• WHAT TO WORK ON
Your output should be exactly the lines from the one containing "Tampa Bay Bride" through the final line of the following data, please, with no pictures.

• DATASET CONTENT

----

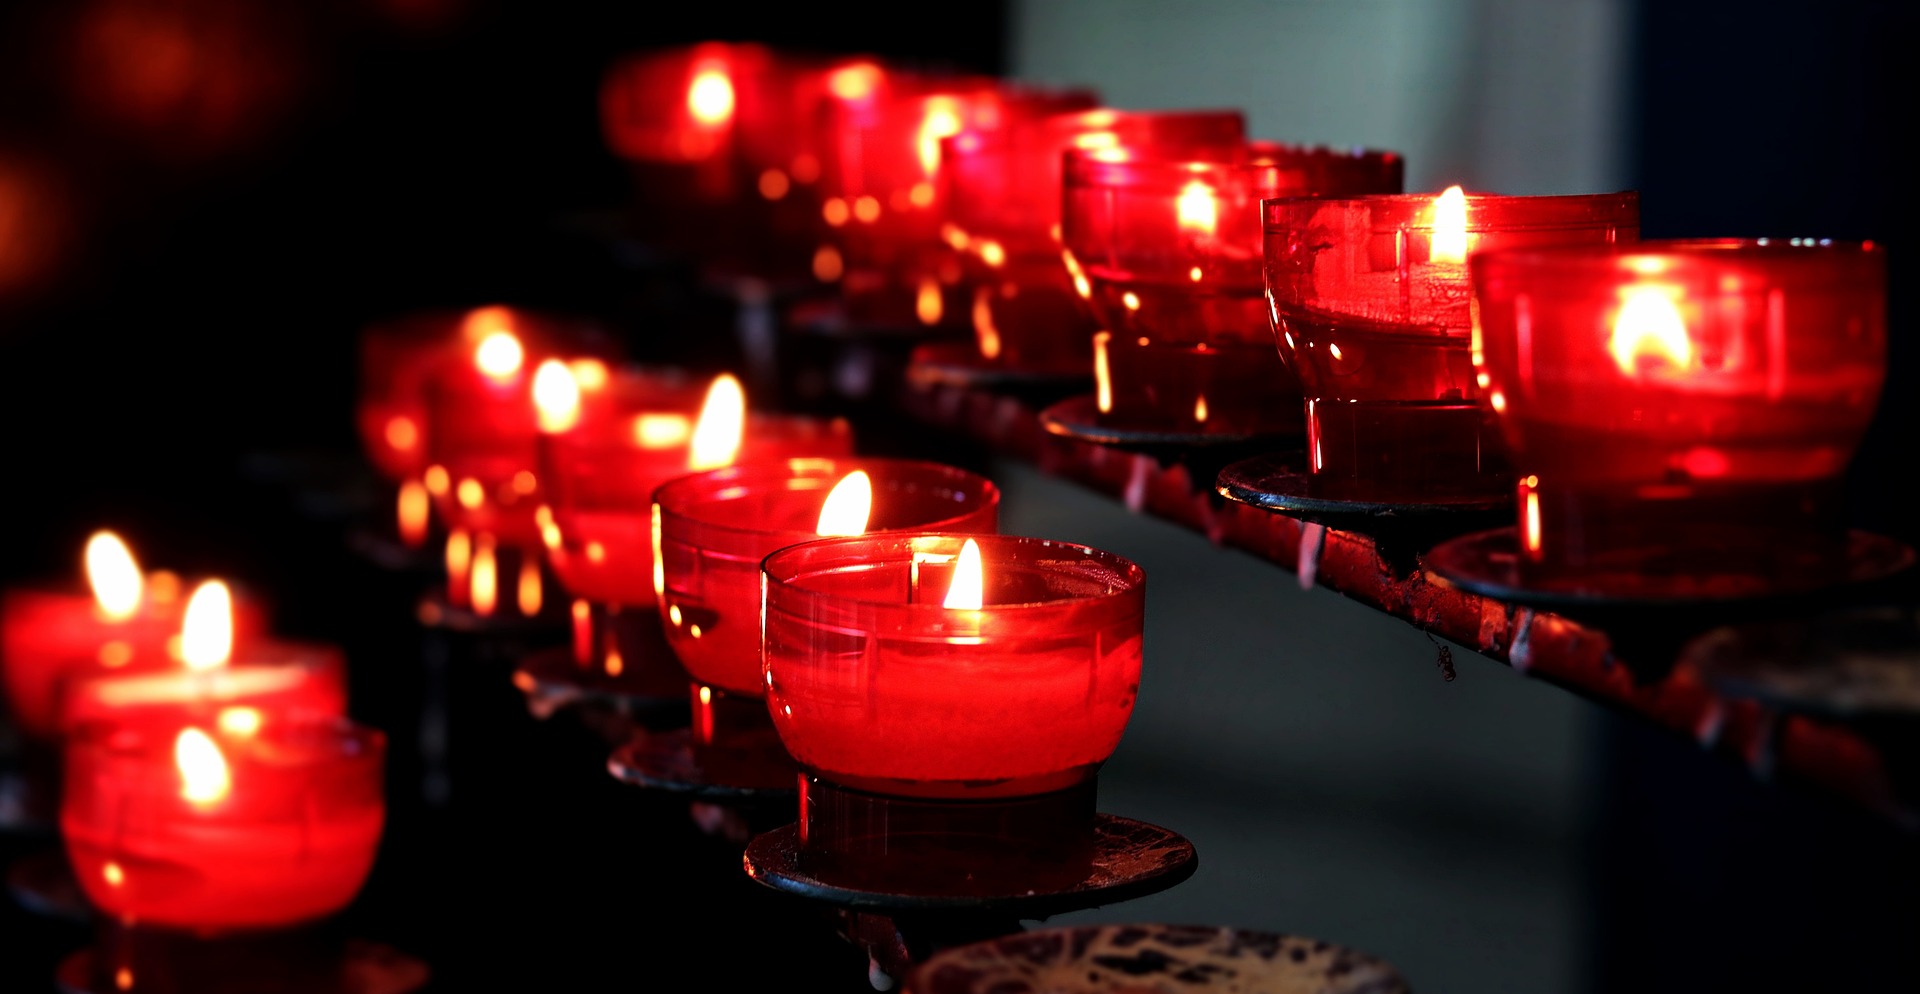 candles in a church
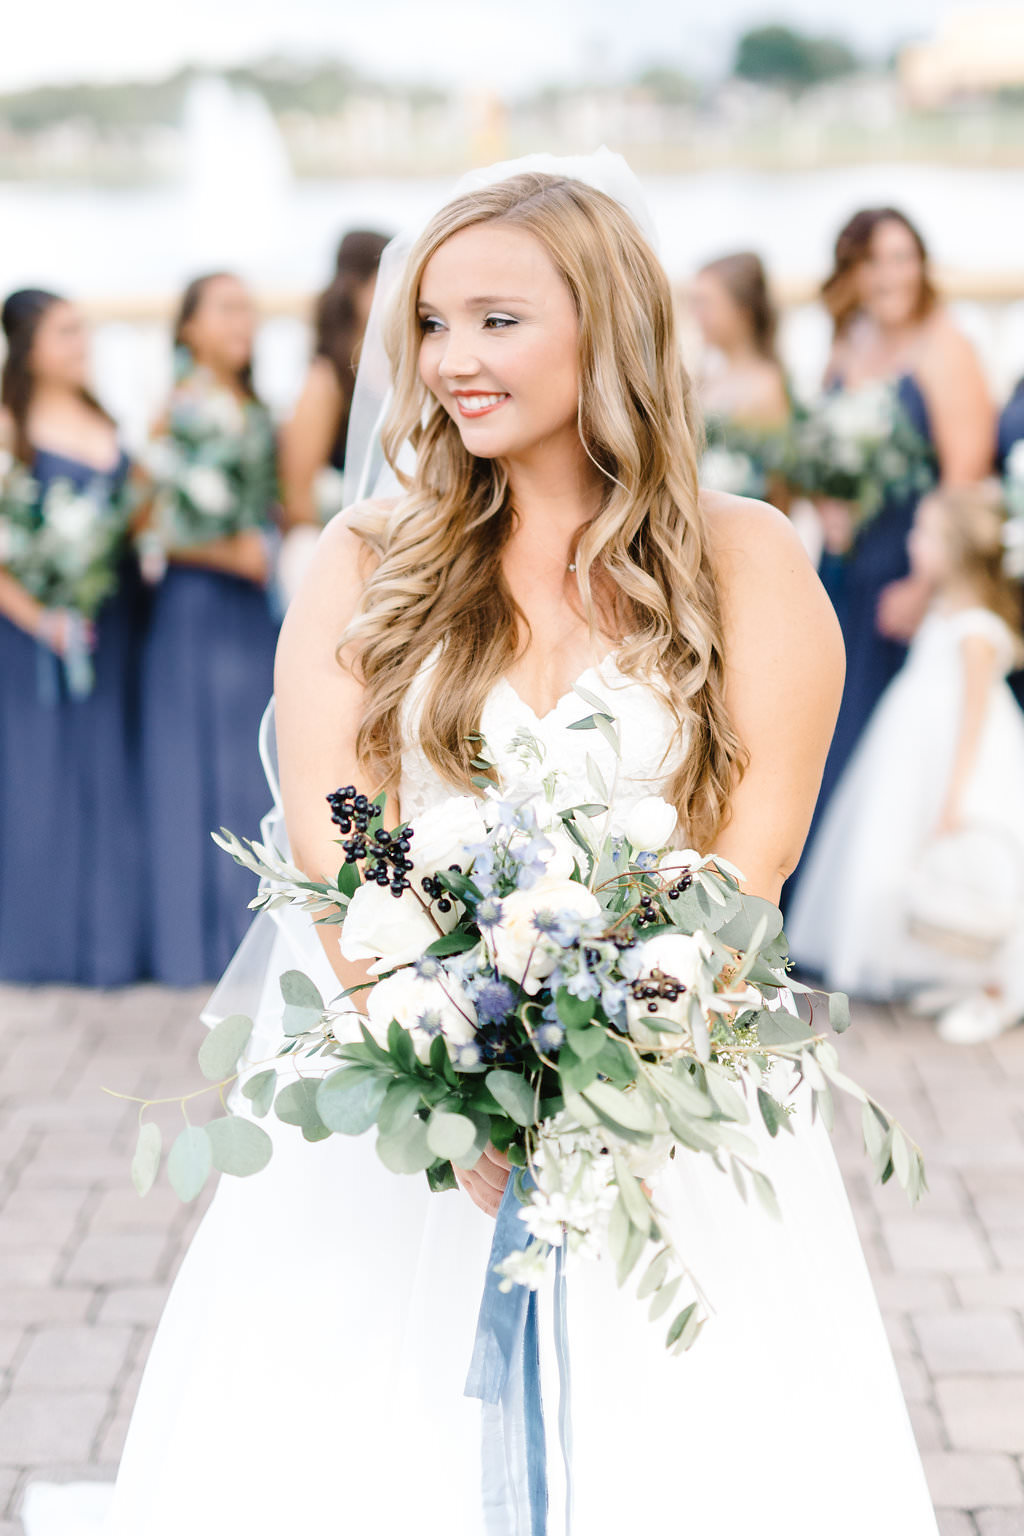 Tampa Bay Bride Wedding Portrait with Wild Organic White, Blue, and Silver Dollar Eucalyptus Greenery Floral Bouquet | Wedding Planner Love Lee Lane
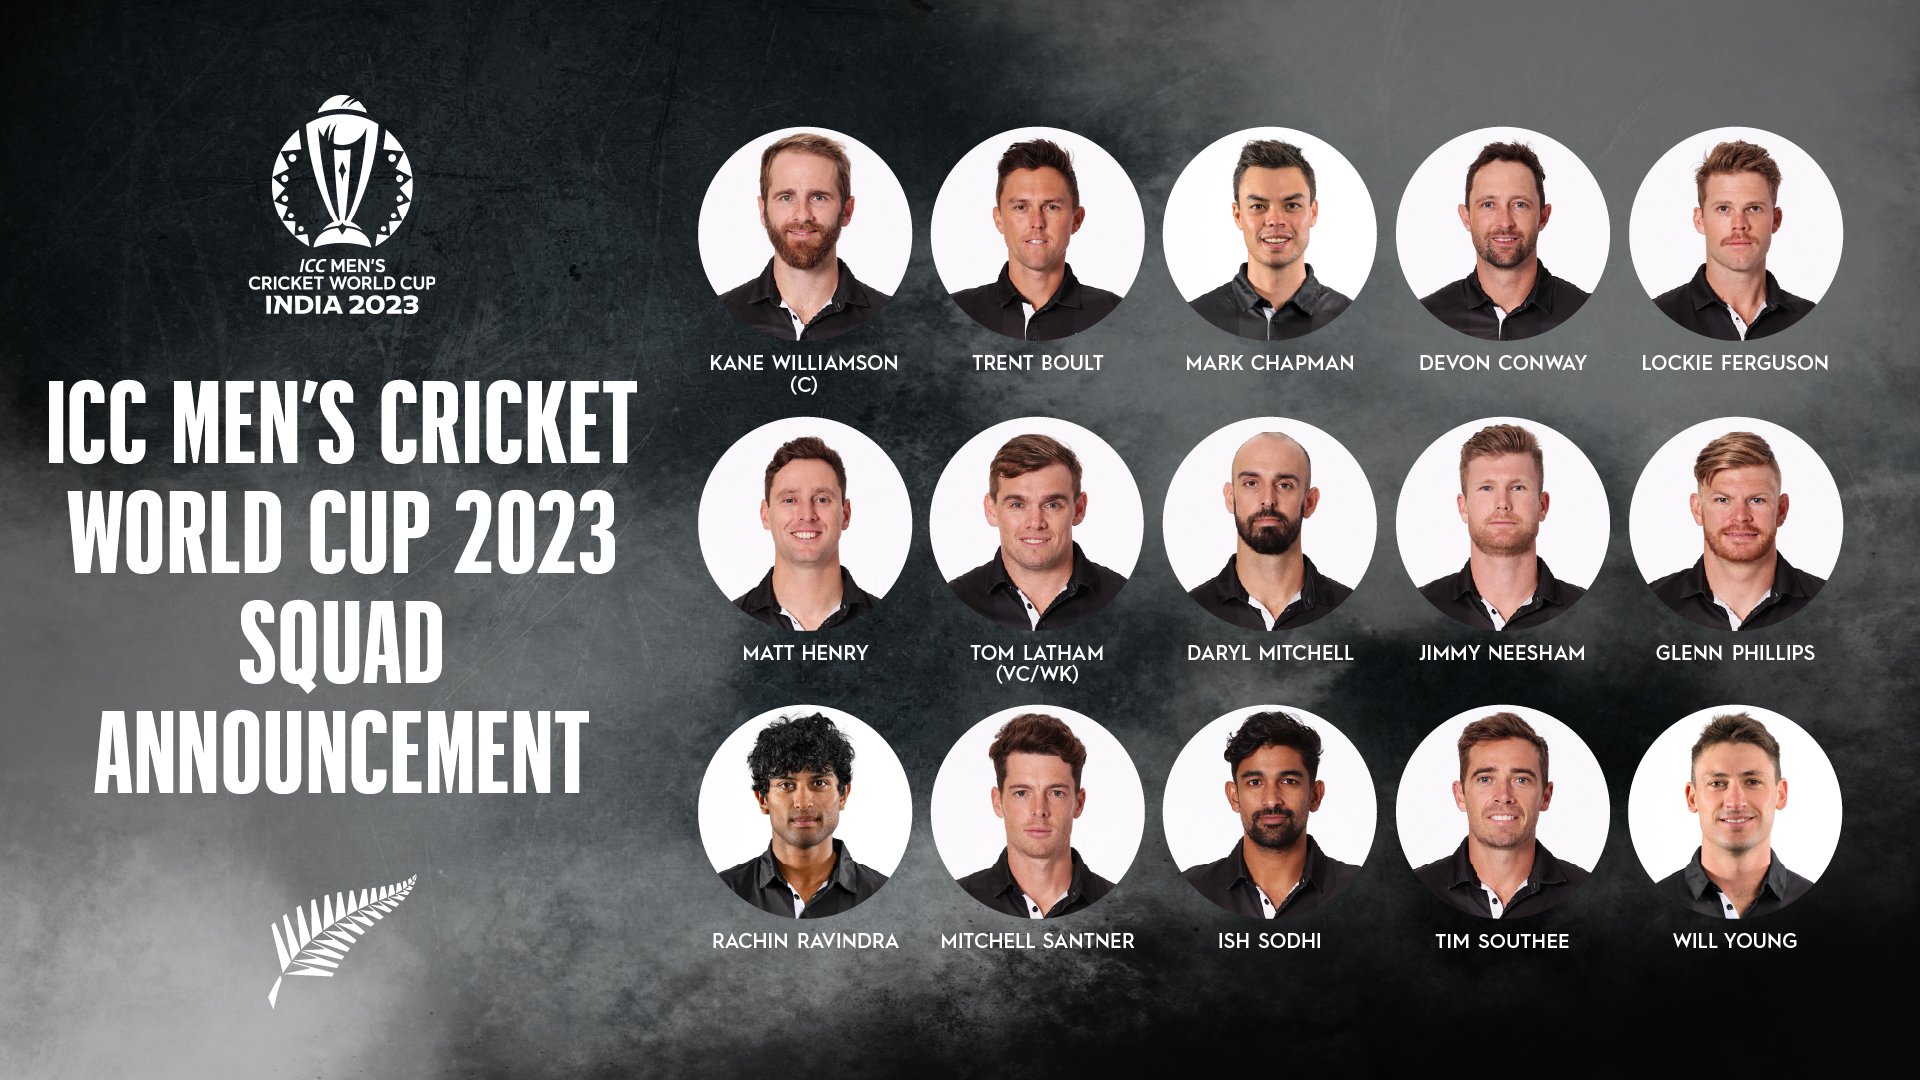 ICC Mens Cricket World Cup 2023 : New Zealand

----

• PROBLEM SOLUTION
 Tampa Bay Bride Wedding Portrait with Wild Organic White, Blue, and Silver Dollar Eucalyptus Greenery Floral Bouquet | Wedding Planner Love Lee Lane
 ICC Mens Cricket World Cup 2023 : New Zealand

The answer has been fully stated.